Your copy should match the listing below word for word, with no images in it.

## [Recorded information]
--------------------
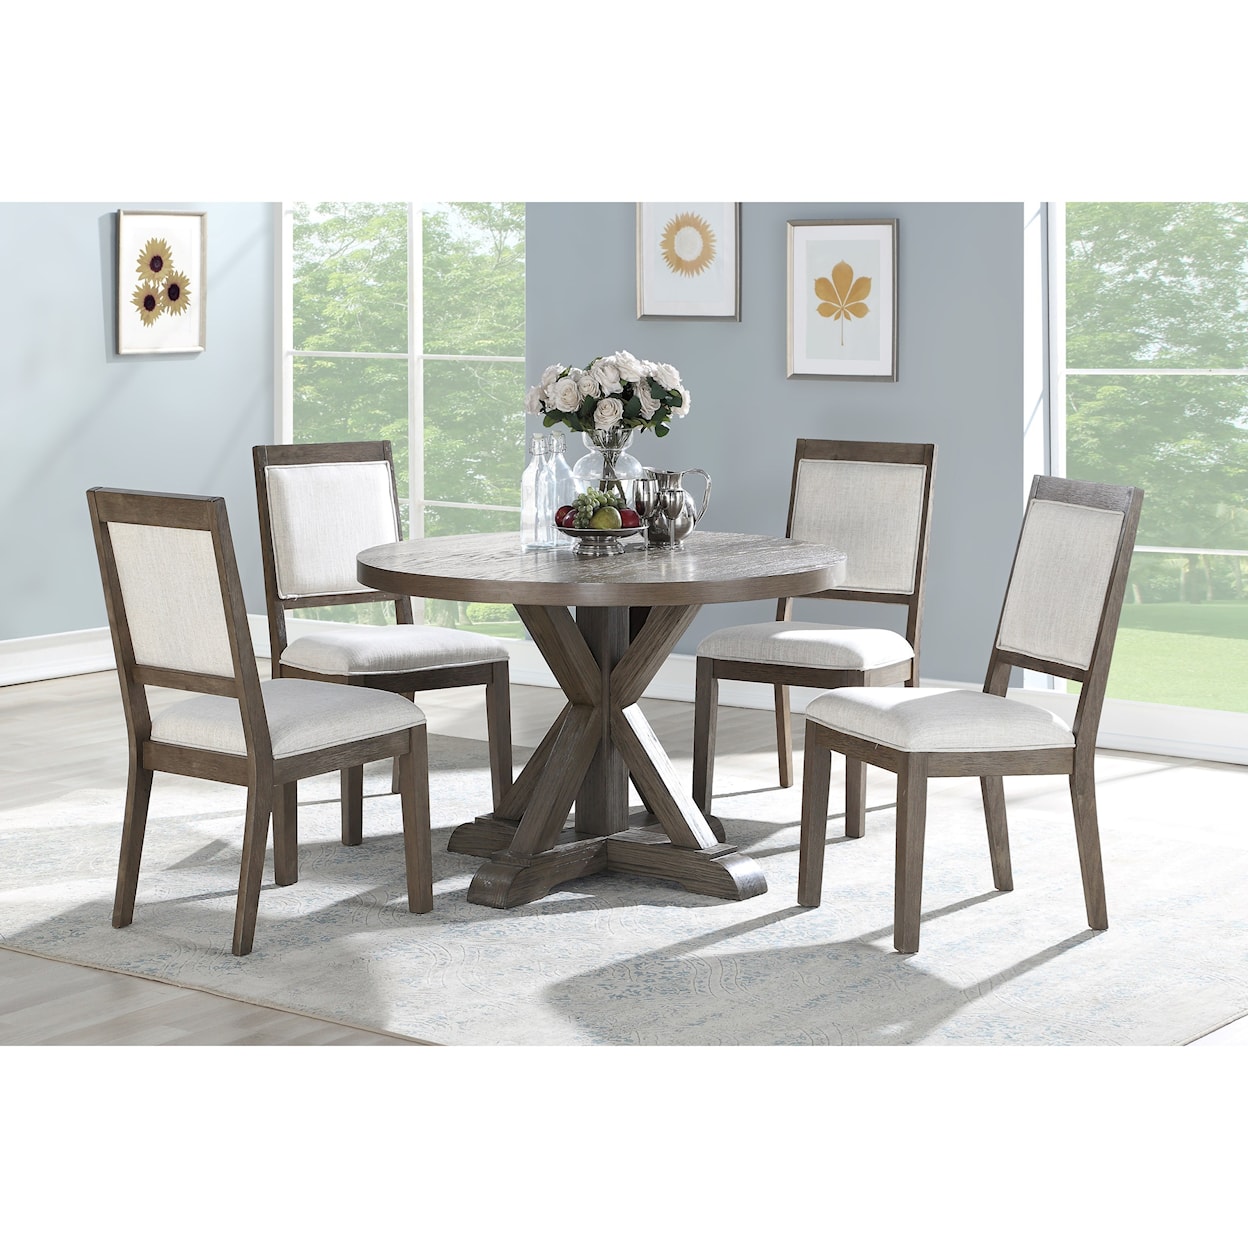 Steve Silver Molly 5 Piece Table and Chair Set
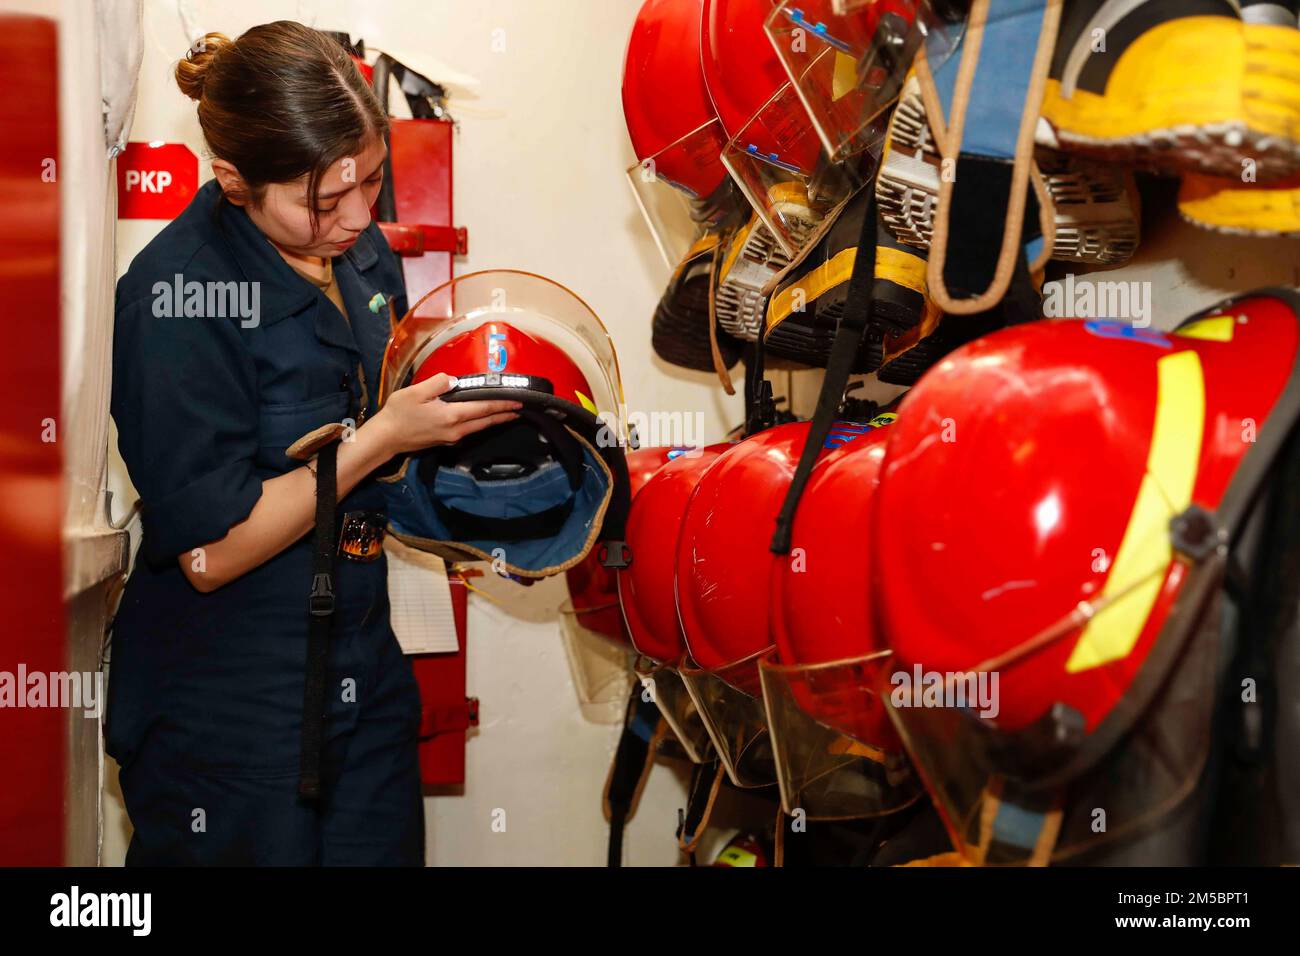 PHILIPPINE SEA (Feb. 24, 2022) Damage Controlman Fireman Michelle Romo, from Rancho Cucamonga, Calif., inspects firefighting equipment in a repair locker aboard the Nimitz-class aircraft carrier USS Abraham Lincoln (CVN 72). Abraham Lincoln Strike Group is on a scheduled deployment in the U.S. 7th Fleet area of operations to enhance interoperability through alliances and partnerships while serving as a ready-response force in support of a free and open Indo-Pacific region. Stock Photo
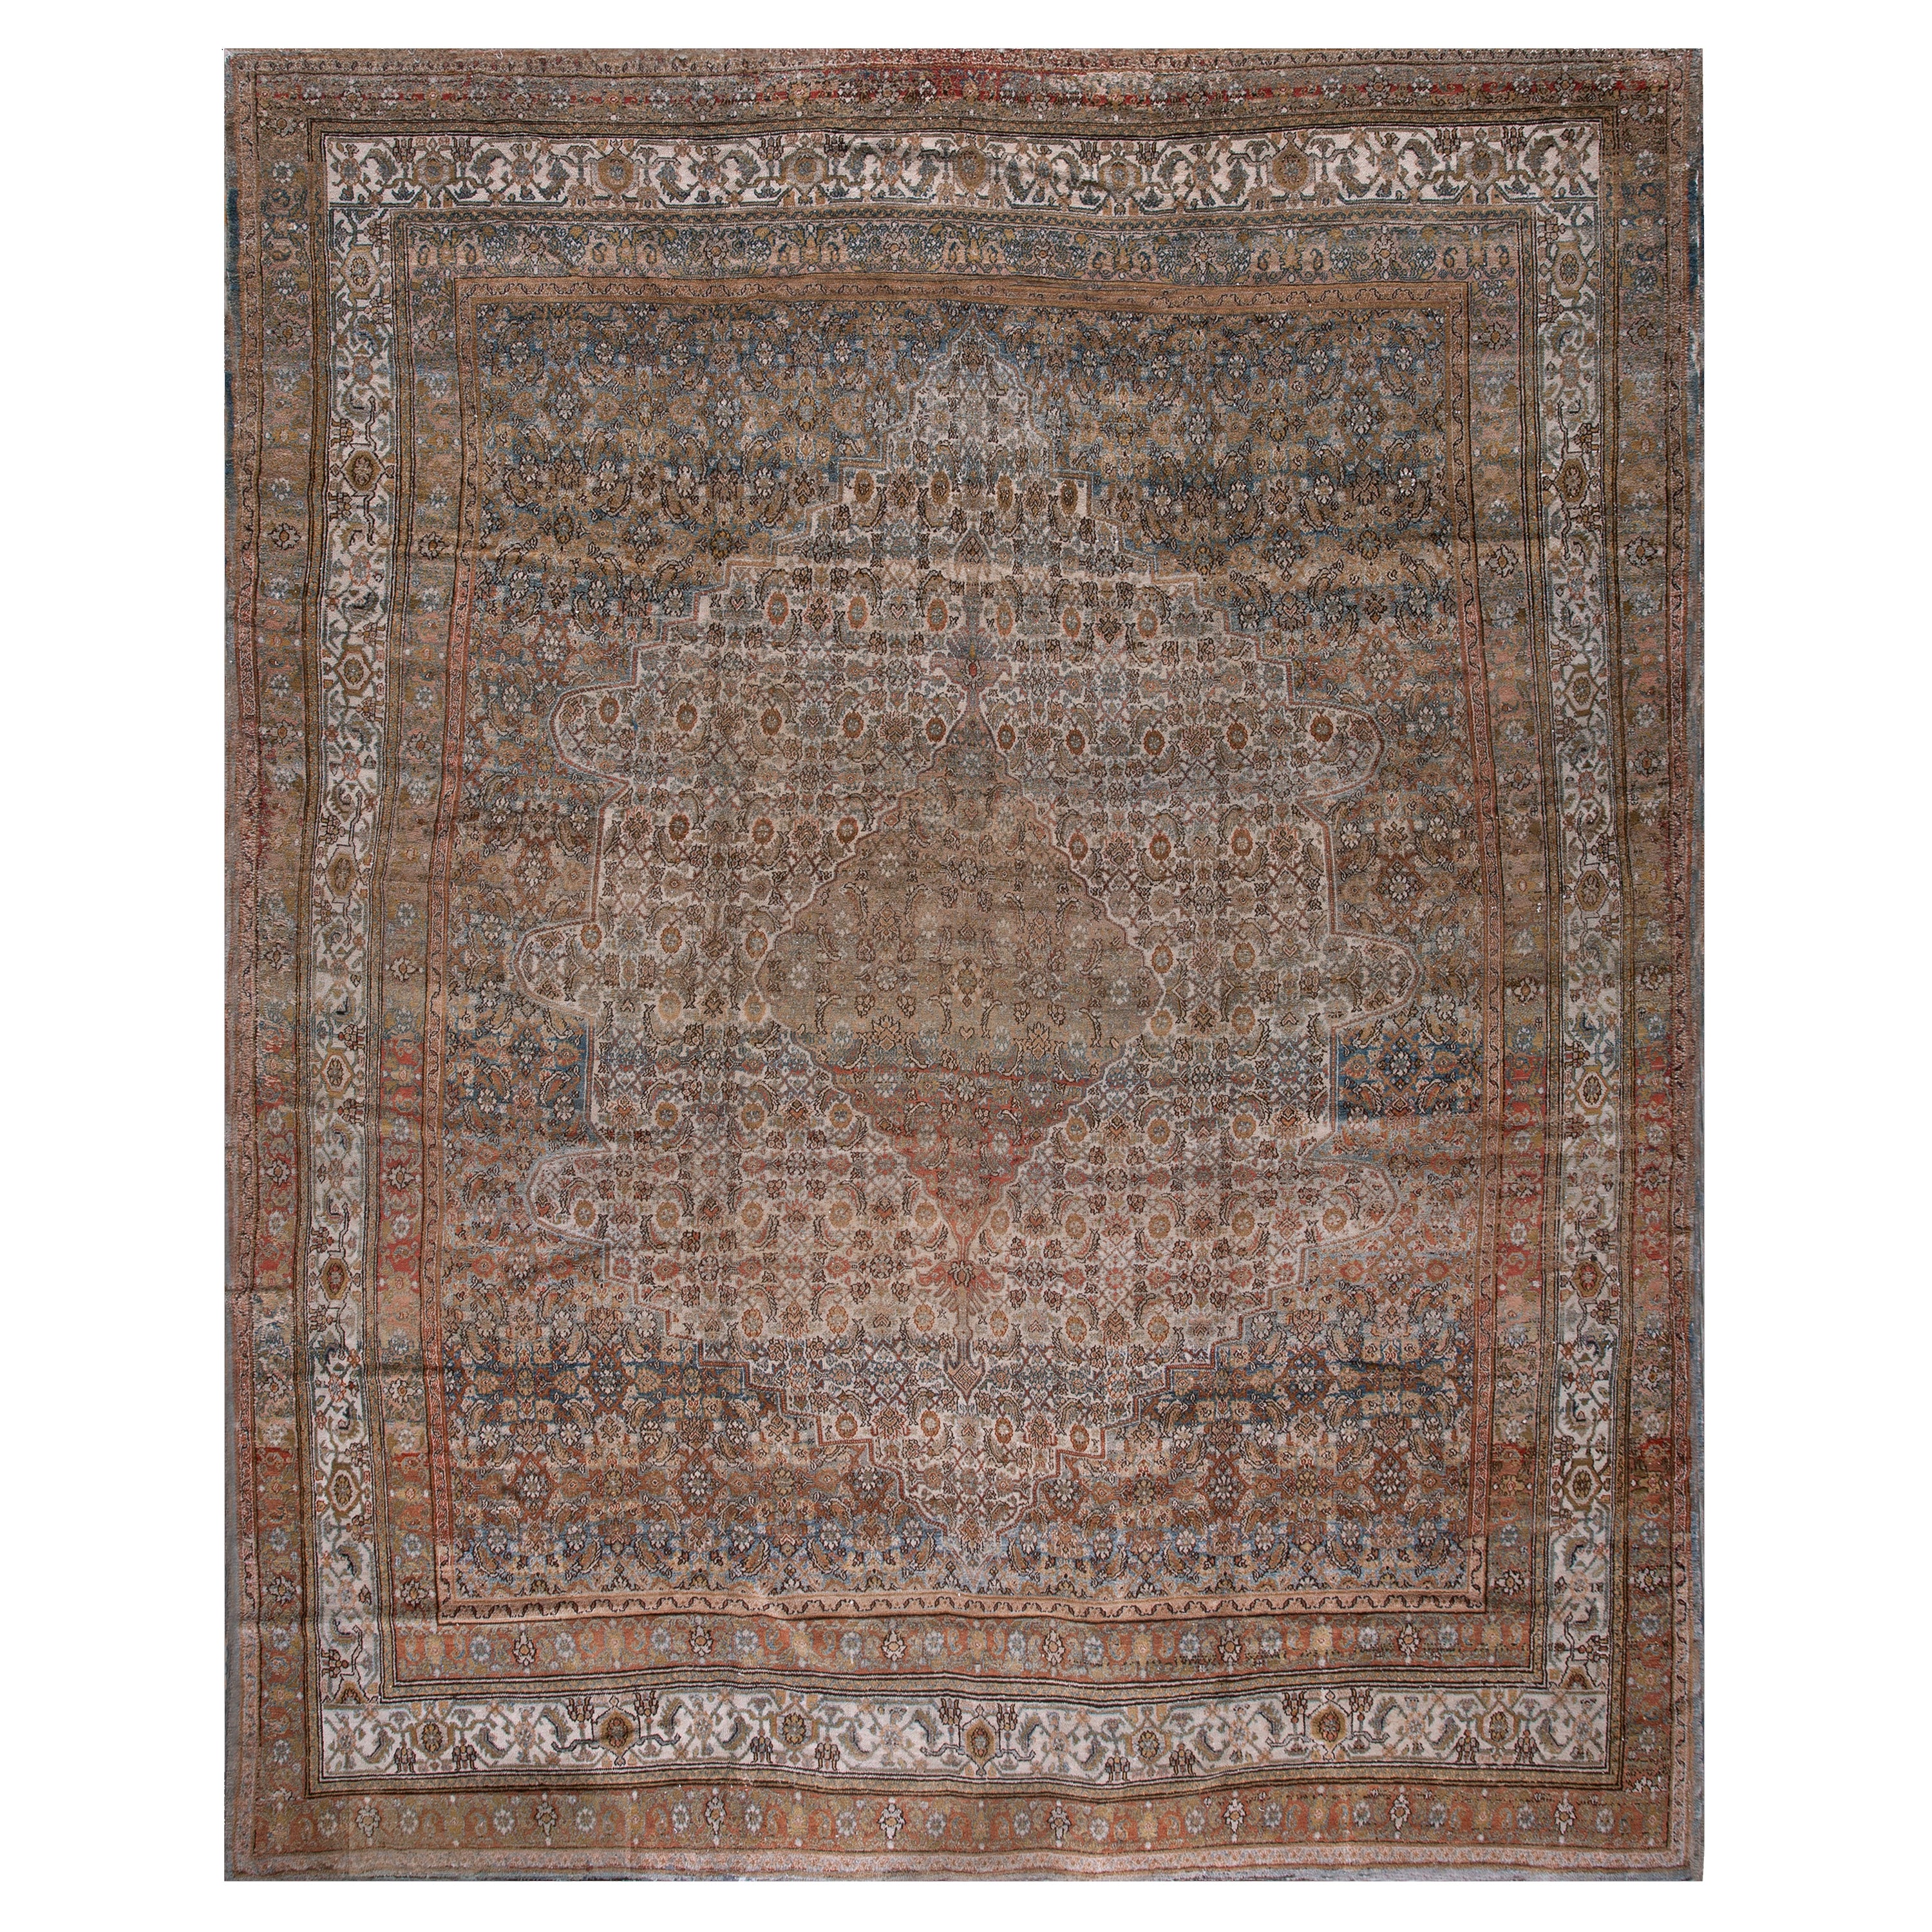 Early 20th Century Persian Bibikabad Carpet ( 11' x 13'9" - 335 x 420 ) For Sale
--------------------
## [Written response]
 Steve Silver Molly 5 Piece Table and Chair Set
 PHILIPPINE SEA (Feb. 24, 2022) Damage Controlman Fireman Michelle Romo, from Rancho Cucamonga, Calif., inspects firefighting equipment in a repair locker aboard the Nimitz-class aircraft carrier USS Abraham Lincoln (CVN 72). Abraham Lincoln Strike Group is on a scheduled deployment in the U.S. 7th Fleet area of operations to enhance interoperability through alliances and partnerships while serving as a ready-response force in support of a free and open Indo-Pacific region. Stock Photo
 Early 20th Century Persian Bibikabad Carpet ( 11' x 13'9" - 335 x 420 ) For Sale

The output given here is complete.